Kamis, 21 November 2024

My mom said I cannot say bad things about my own government

After I arrived back in my home country after living my best life--10 months in the U.S, reality hits hard and deep. My reverse culture shock is a real thing. I cannot lie but I still feel it even now. As strong as before but I already tried my own way to get out for this problem. 

I remember that self-development event that I got for preparation returning back home,

"Do not be in rush to get out of your country,"

I tried to understand and absorb it with different perspective and get prepared for that. I did not realize, this thing is really a huge issue for me know. It it not really an issue, but I already know better my worth.

My expectation, my dreams, my ideas, cannot fit into my own country. How hard I tried to make something better--example with little project, still, the big problem is my own government. 

I was that girl who will be in silent if something happens in politics, but not now. I grown up and I already feel all the laws and regulations really affecting me in day to day basis. 

My social media becoming my own platform to share this issue. I still do not understand by people who have not wake up yet by a lot of issues in this country. Can you guys just wake up? Are you all not feeling so fed up?

Talking about this problem to my mom also a bad idea. She said I cannot say bad things about my own government. I do not care. If I cannot fight in the street, at least I can share how bad the condition now is. I do not have any dreams or something that I want to fight in here. 

Whatever that I do now is preparing me to get out of here. This place is not really my home. Just a place where I was born. I do not belong here. I do not know since when I am not proud of it. But I just do not enjoy and like being here. 

Whatever and whenever is it, as long as not in here.

- I still love the food and culture though, not the government.

Kamis, 14 November 2024

I love my boyfriend.

My boyfriend always call his friends to check them out if they are okay.


He is provider, and makes me realize I stand up for myself for too long.
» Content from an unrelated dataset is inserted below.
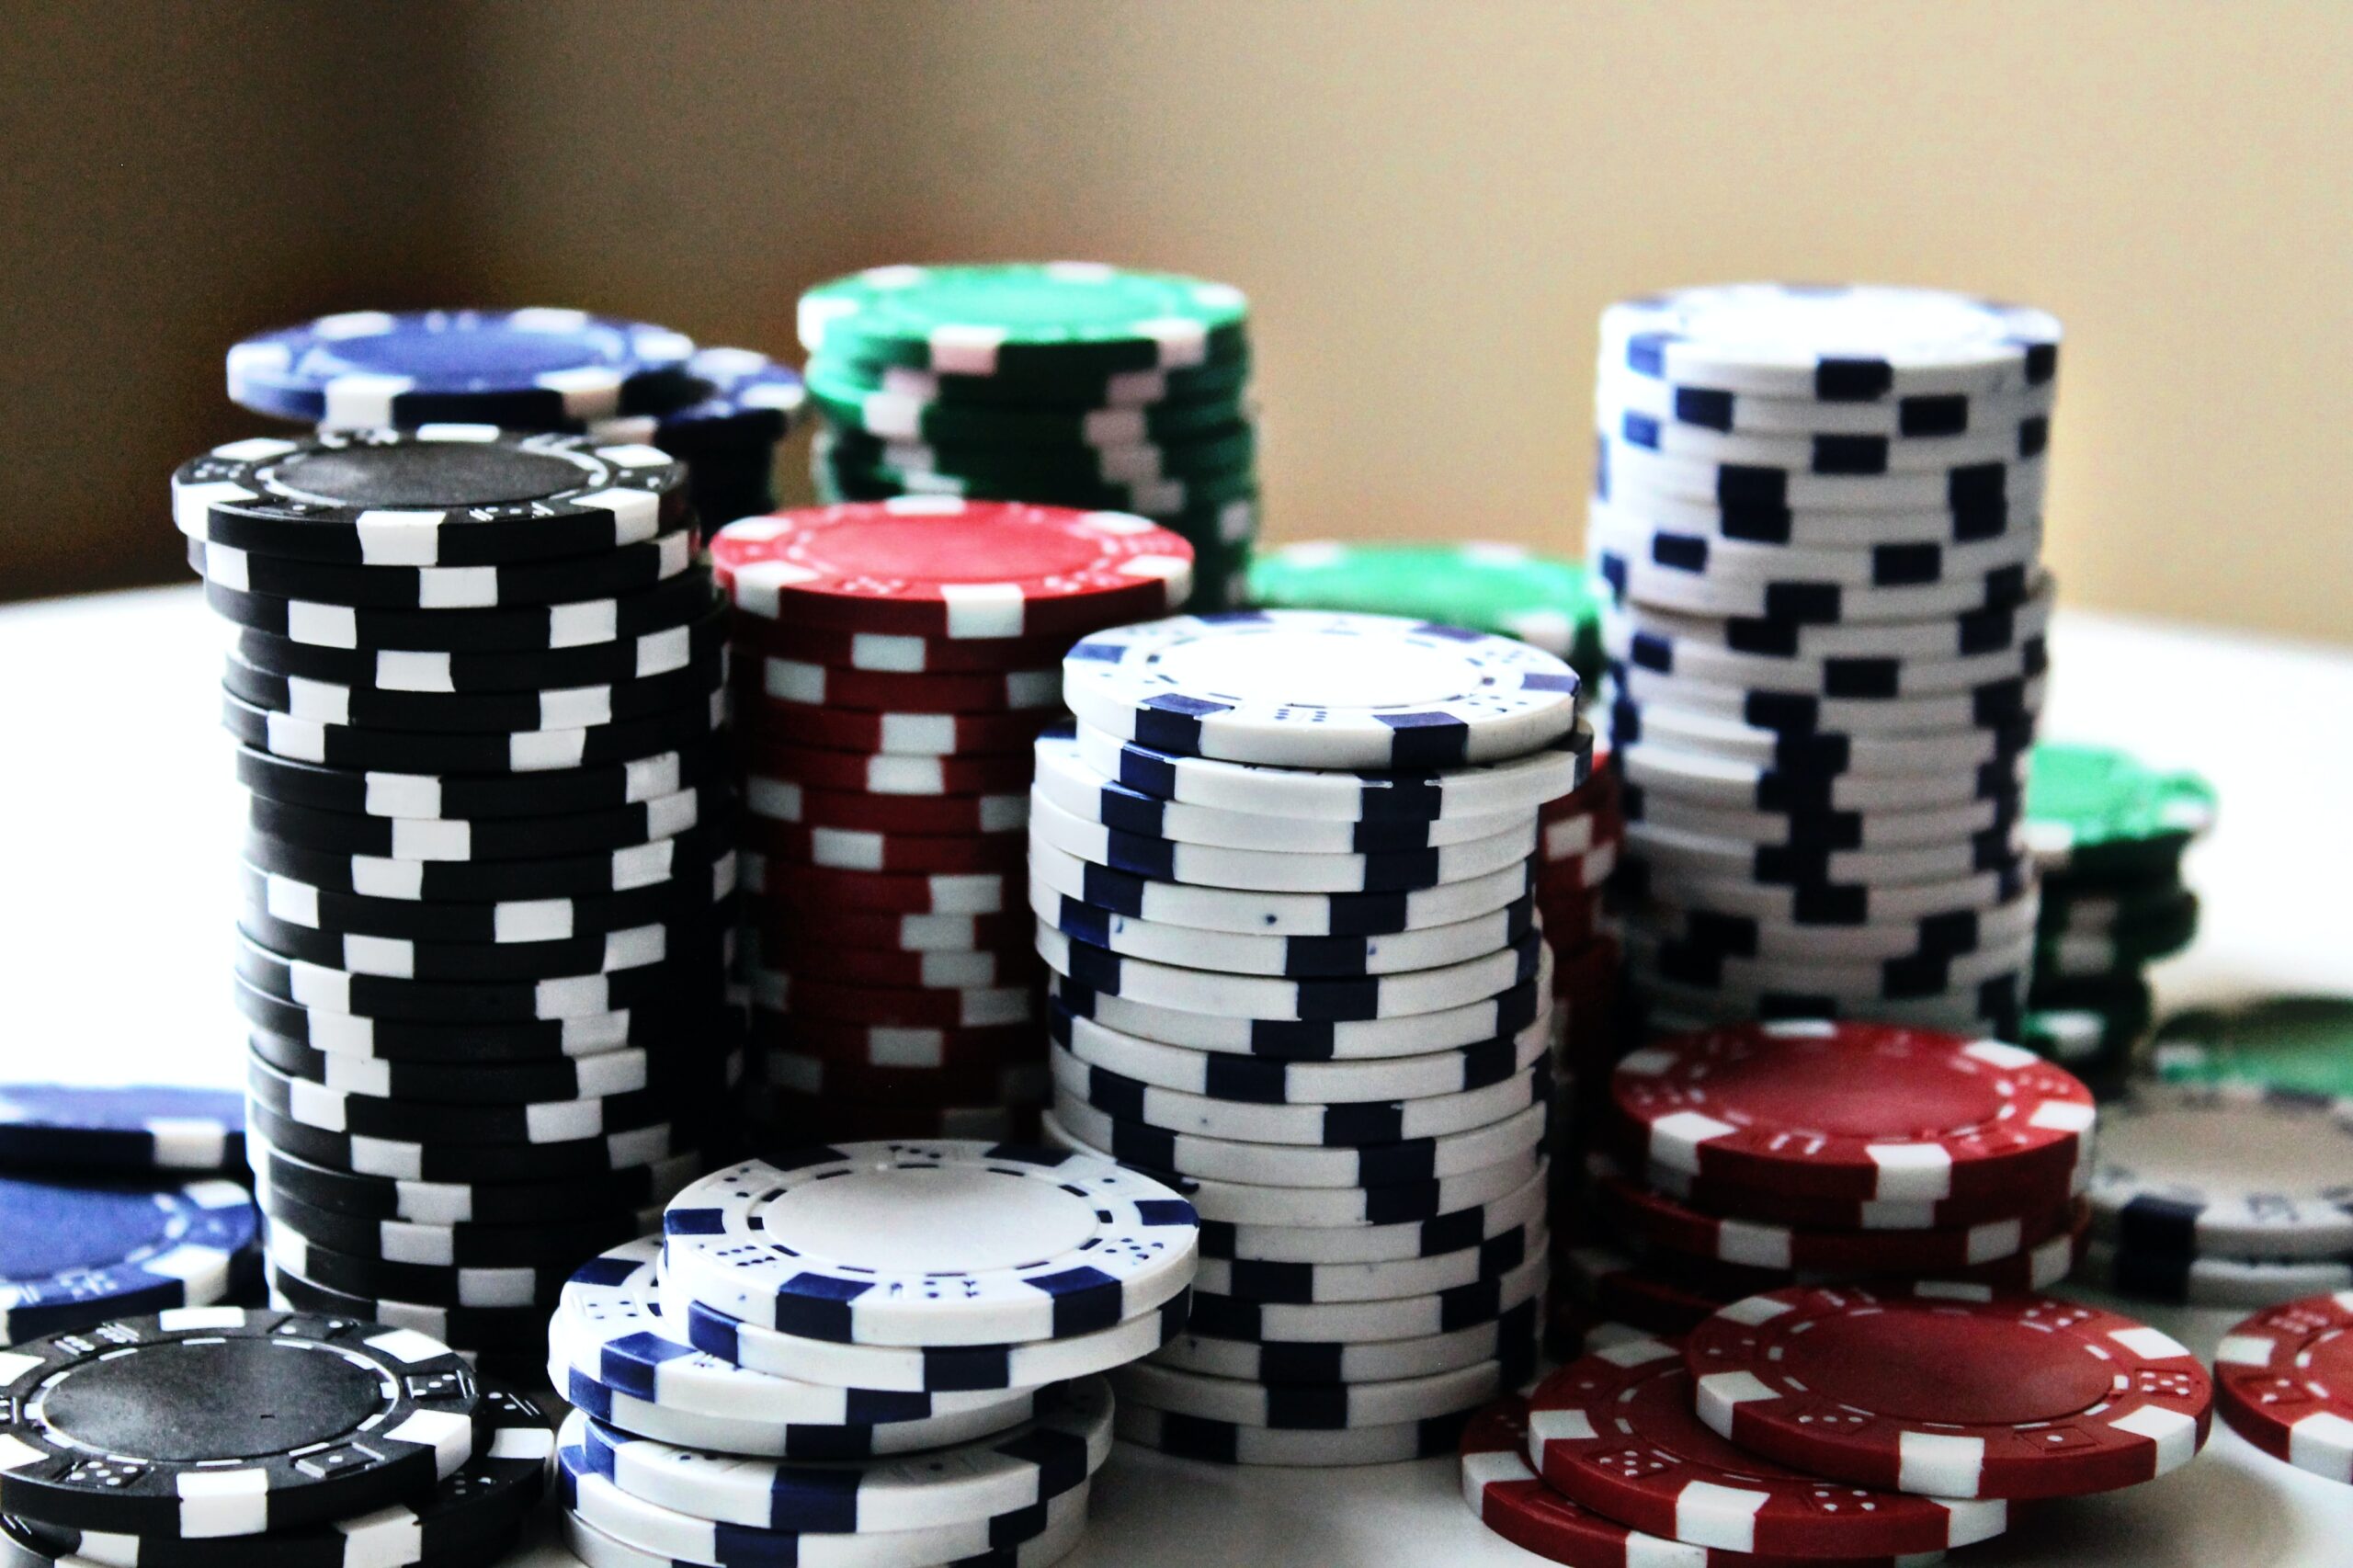 Quelle différence entre le format poker et bridge d'un jeu de

Like no one notices, but he always notices.


There was a day that I was so mad with his actions and was thinking it wouldn’t work out but he knocked my apartment door, said sorry and gave me the beautiful flowers. No one ever do that. 


His actions match with his words. He never make me overthink (maybe once or twice), but I feel safe with him. He gives me peace. 


He taught me about a lot of things—indirectly. He showed me how to love myself and that I am worthy. He loves me so gently. 


People always say “When you know, you know”, finally I feel that. It’s an easy love, easy to be falling in love and stay in love.


I am not going to sugarcoat but he is the definition of perfection. Sometimes I am scared if he is too nice and will leave me too early. Good people always die first, I don’t like it.


Since our first date, we both know we want this for a long run. We both want to be together. His extrovert side matches with my introvert side. When they said ENTJ x INTJ are the best match I believe it with no hesitation.


He always wants me to be happy, to be successful, to achieve all my potential. He always believed in me—like he is my number 1 fan on everything. I adore him so much.


I can write him one hundred letters and I know it will not be enough. He deserves his own book. 


I never know loving someone who is living 10.000 miles with 12 hours of difference can be this easy. 


Sufi, I love you so much. It’s 01.38 AM and I just write how amazing you are. You are my soulmate. Twin flame. Whatever they name it.

I am so lucky to have you. To be loved by you.